Dialogue en altérite au sein des mairies.

Expérience de vie d’un médiateur professionnel en mairie où l’écriture d’un partage avec vous, avocats, juristes et toutes les personnes socialement engagées ou en passe de l’être.
Quelques lignes, pour nous qui sommes concernés, en guise de témoin d’une volonté citoyenne à nous engager en altérité dans notre société.

Expérience de vie d’un médiateur professionnel en mairie où l’écriture d’un partage avec vous Avocats, avec vous Juristes et avec es les Personnes socialement engagées ou en passe l’être. Quelques lignes, pour nous qui sommes concernées, en guise de témoin d’une volonté citoyenne à nous engager en altérité dans notre société.

L’inimaginable discussion où le défi d’un dialogue en altérité dans une « zone défavorable » pour un référent Médiateur professionnel de mairie.

« Zone défavorable » dans la mesure où les personnes concernées par leurs conflits ne sont pas, de prime-abord, dans une réflexion philosophique et introspective.

Simplement, « les arbres du voisin dépassent sur ma propriété et les feuilles de ces arbres tombent sur ma pelouse » !

Caricature de ma démarche comme référent auprès de plusieurs mairies en tant que médiateur professionnel. Je sais bien qu’en ce moment, il ne faut pas plaisanter avec les caricatures mais cet exemple me plait.

Certes, peu de personnes sollicitant une médiation professionnelle imaginent le voyage intérieur auquel elles vont être confrontées. Pour certain(e)s même, vivre une médiation professionnelle est une véritable contrainte.

L’identité d’un référent relationnel.

Mais pour beaucoup au sein des communes, je suis « Le Médiateur », le moralisateur, l’homme de loi, le technicien, le confident, le paternaliste et celui qui va comprendre parfaitement que les feuilles qui tombent sur la pelouse sont une atteinte à la liberté de vivre en toute sérénité, je suis celui sur qui on peut compter.

Bien sûr, il y a les irréductibles avec qui rien n’est possible.

Nous passons allègrement par différentes postures, l’innocence, la victimisation, la véhémence, la compréhension, la stupéfaction, la bienveillance et bien d’autres. Les irréductibles dans la fuite dès qu’ils sentent que l’argumentaire mis en avant vacille vers une réflexion déstabilisante. Leur dernier recours est alors la rupture.

Bien sûr, point de médiation professionnelle en vue sur les feuilles luisantes posées sur la pelouse mais une conciliation teintée de médiation professionnelle. Les feuilles tombent de l’arbre qui cache la forêt. La forêt des non-dits, des suspicions, des prêts d’intentions, du besoin de reconnaissance, etc…

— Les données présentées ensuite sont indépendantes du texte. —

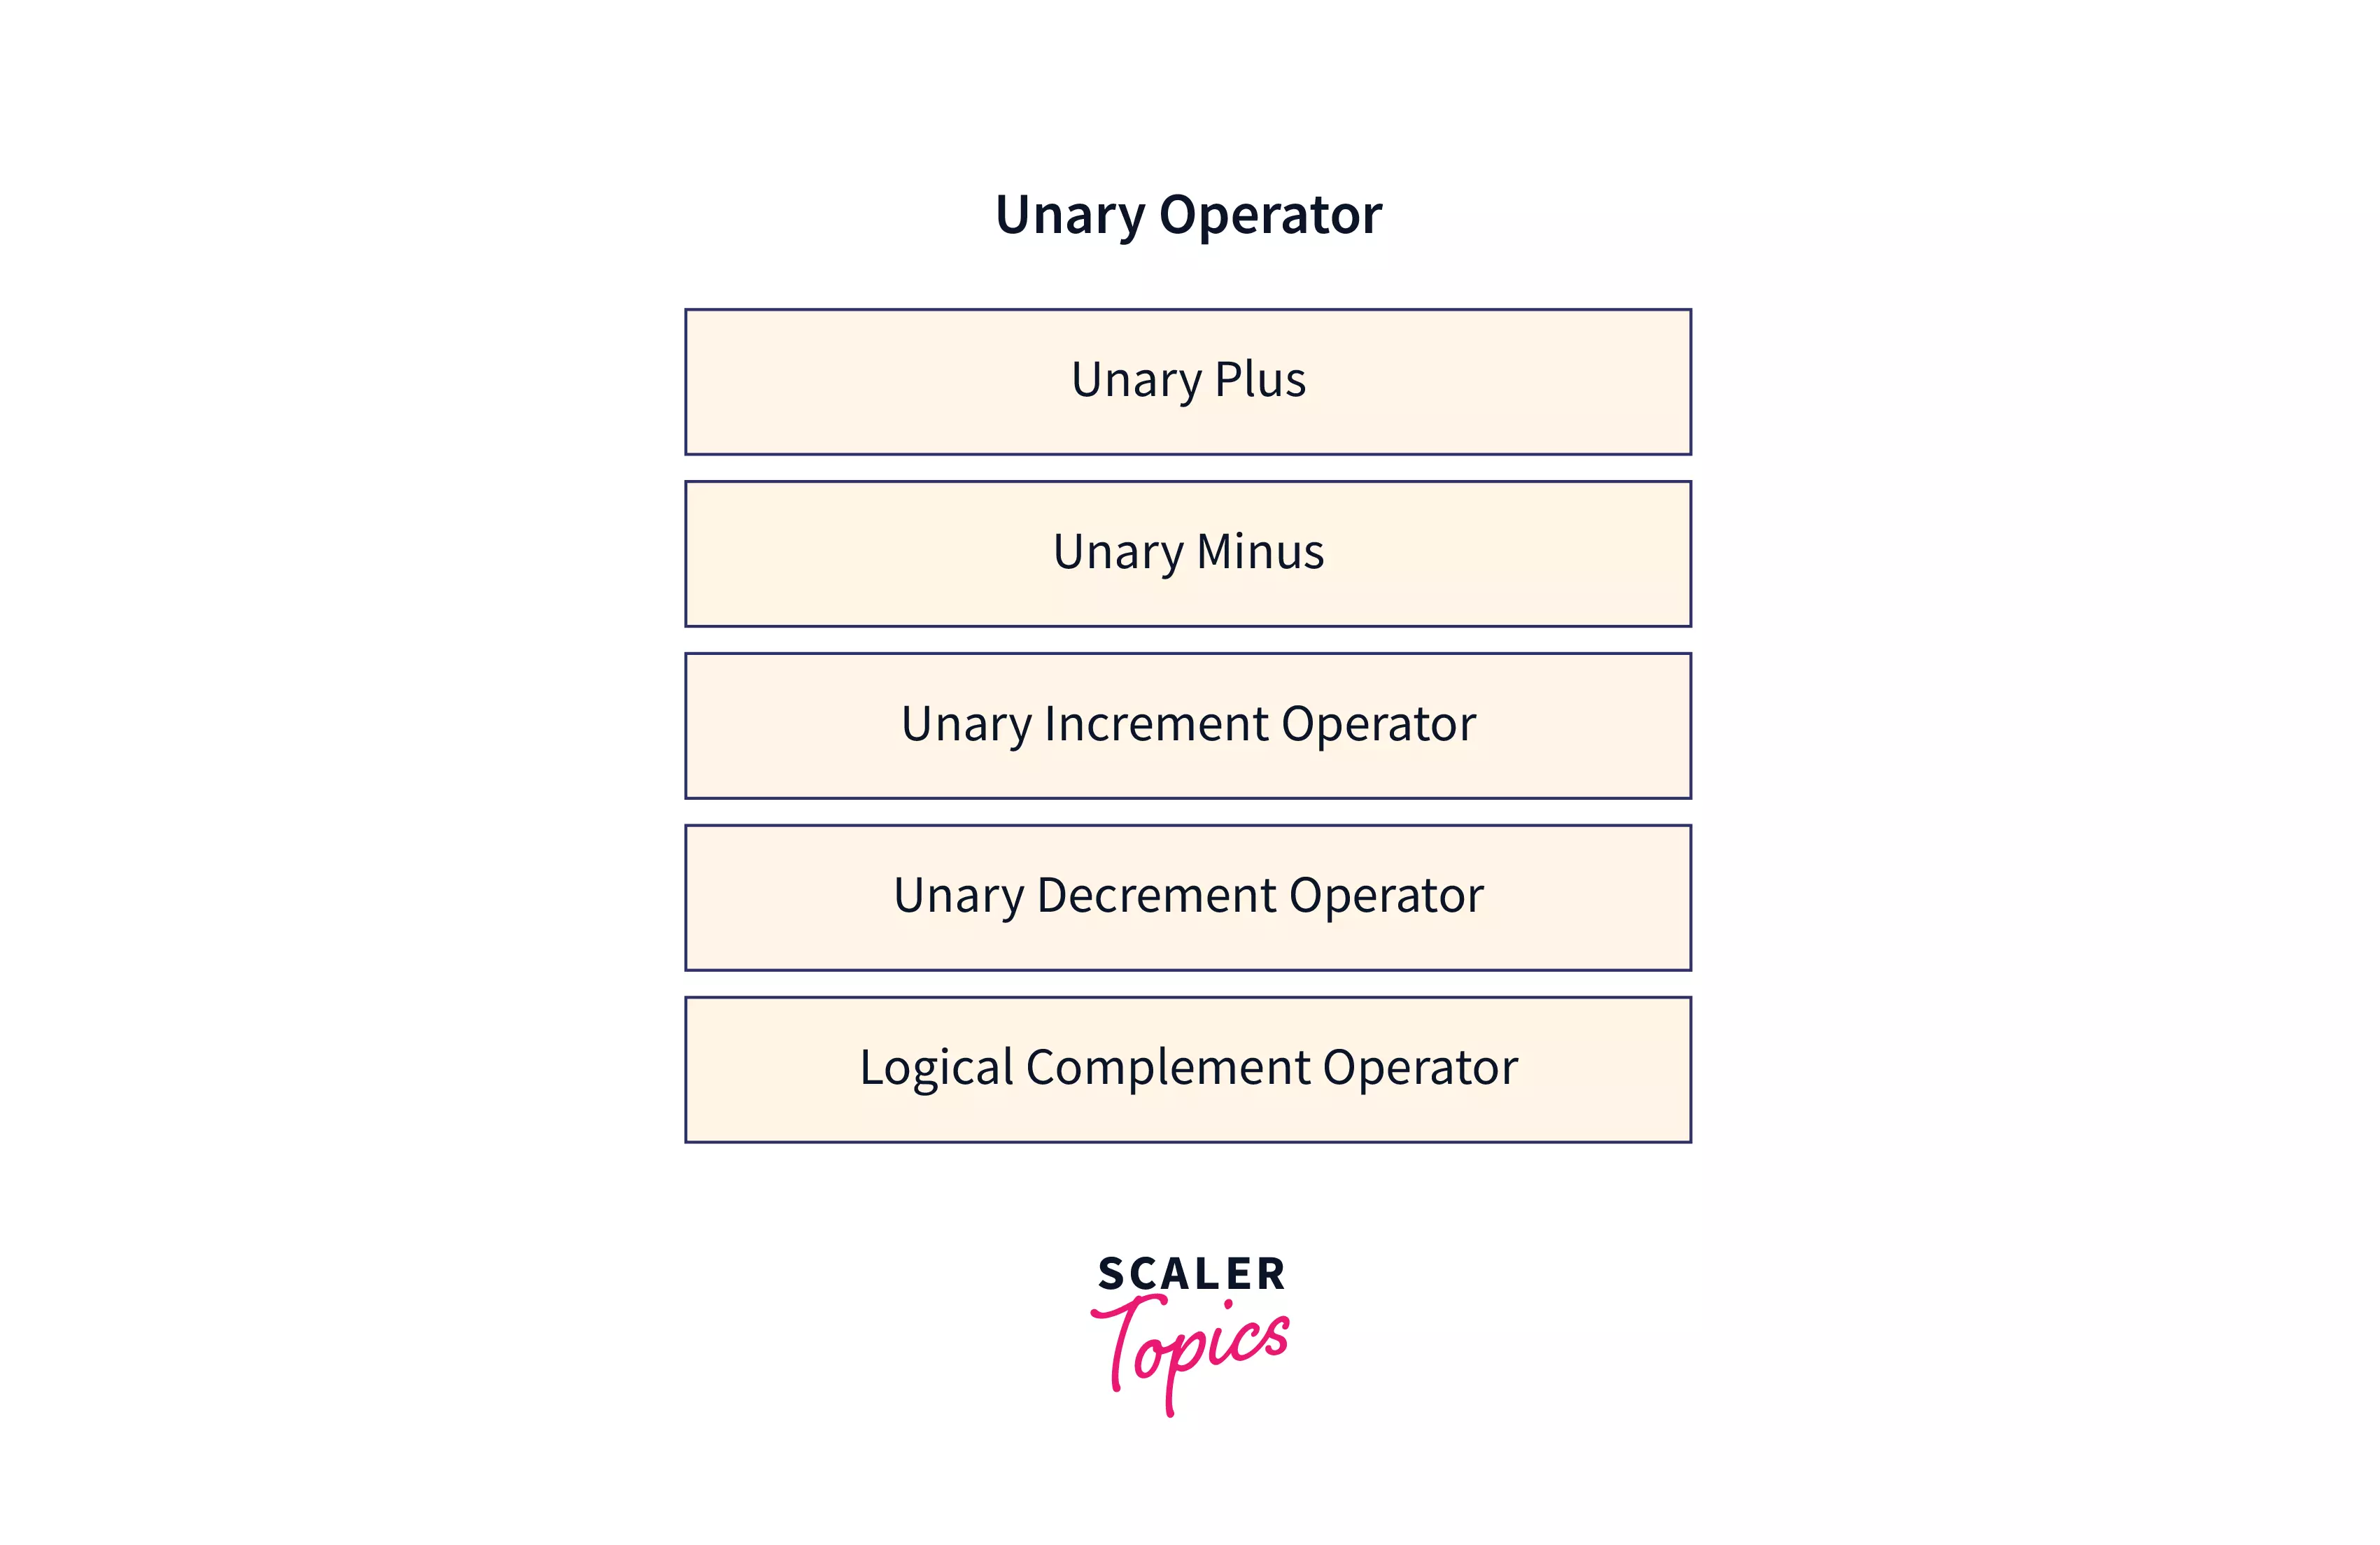 Types of Unary operator
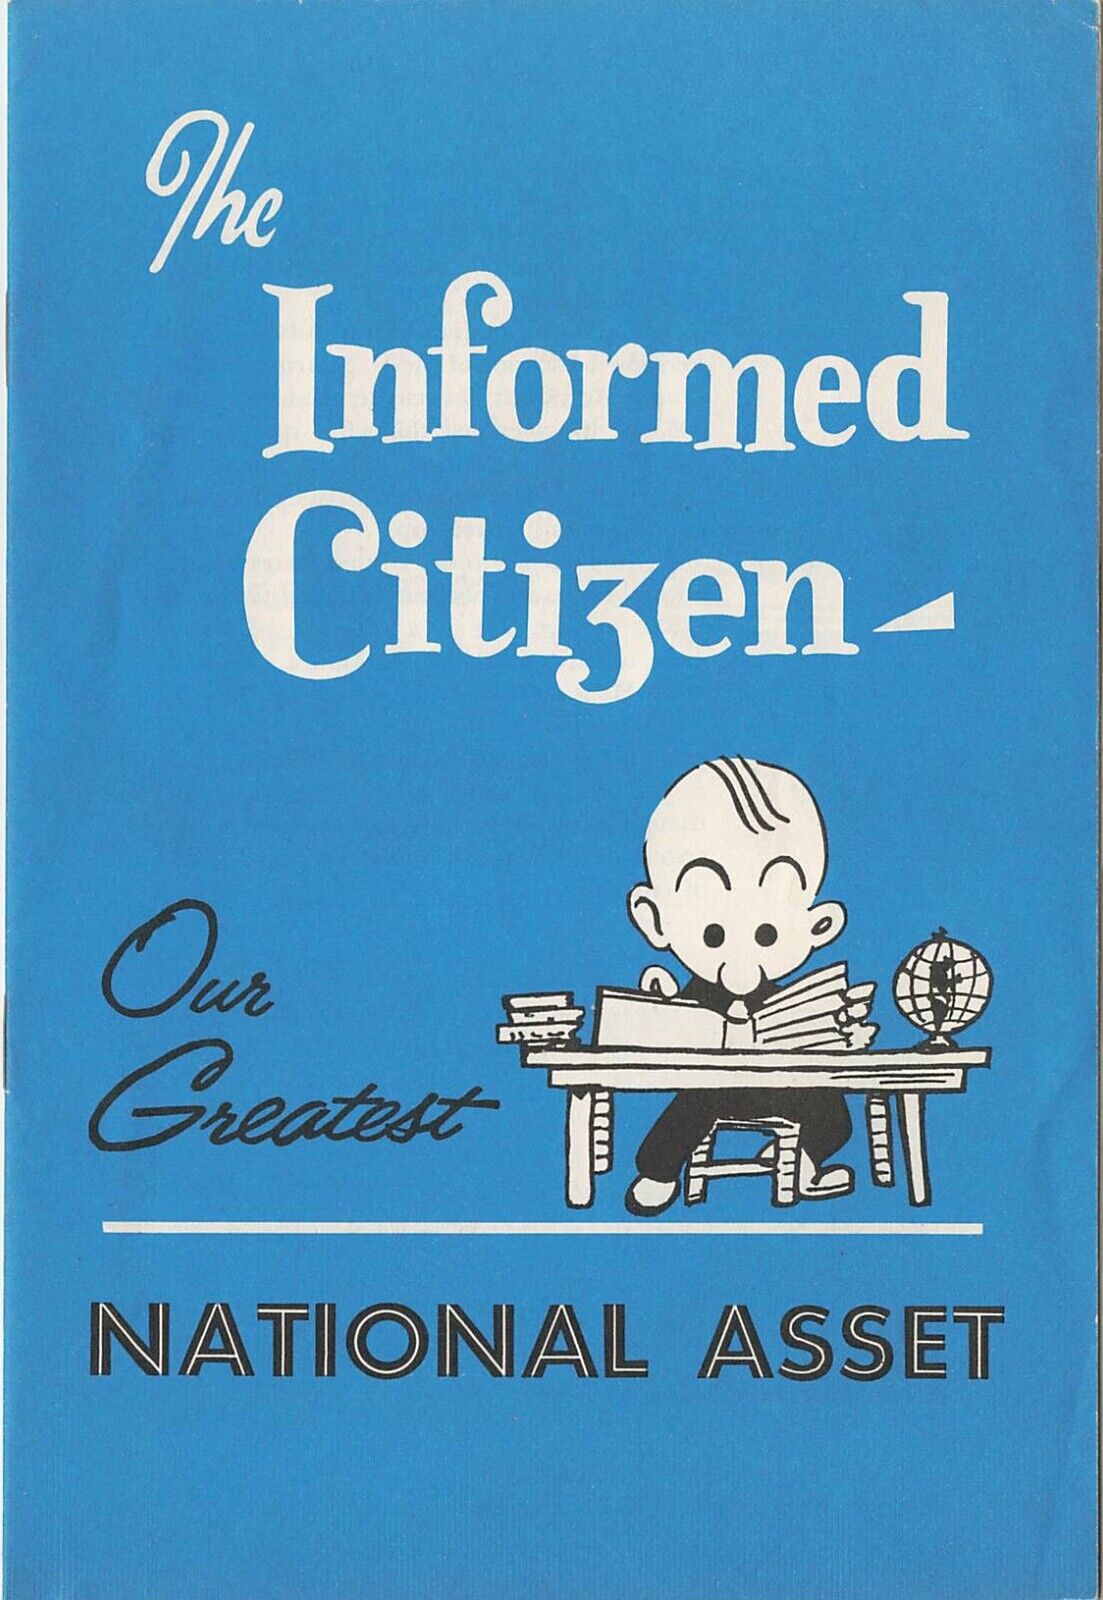 1950s Sandia Corp Booklet The Informed Citizen Out Greatest National Asset

C’est alors que j’enfile ma tenue d’équilibriste, je suis sûr que certain(e)s m’imagent bien dans la tenue. Je dis équilibriste mais dans le cas présent plutôt élagueur manipulant tronçonneuse (petite) et sécateur avec l’instinct de médiateur professionnel. Pas facile d’aborder certains aspects de la problématique sans éveiller des soupçons et de la défiance en perturbant certains paradigmes. L’exercice peut basculer rapidement, du même coup dégrader mon image de médiateur et donc perdre en efficacité.

Une autorité de compétence plus qu’une autorité de fonction.

Je représente une autorité, je peux « régler » les problèmes et satisfaire à la demande de la personne qui m’a interpellé, j’inspire une confiance de statut.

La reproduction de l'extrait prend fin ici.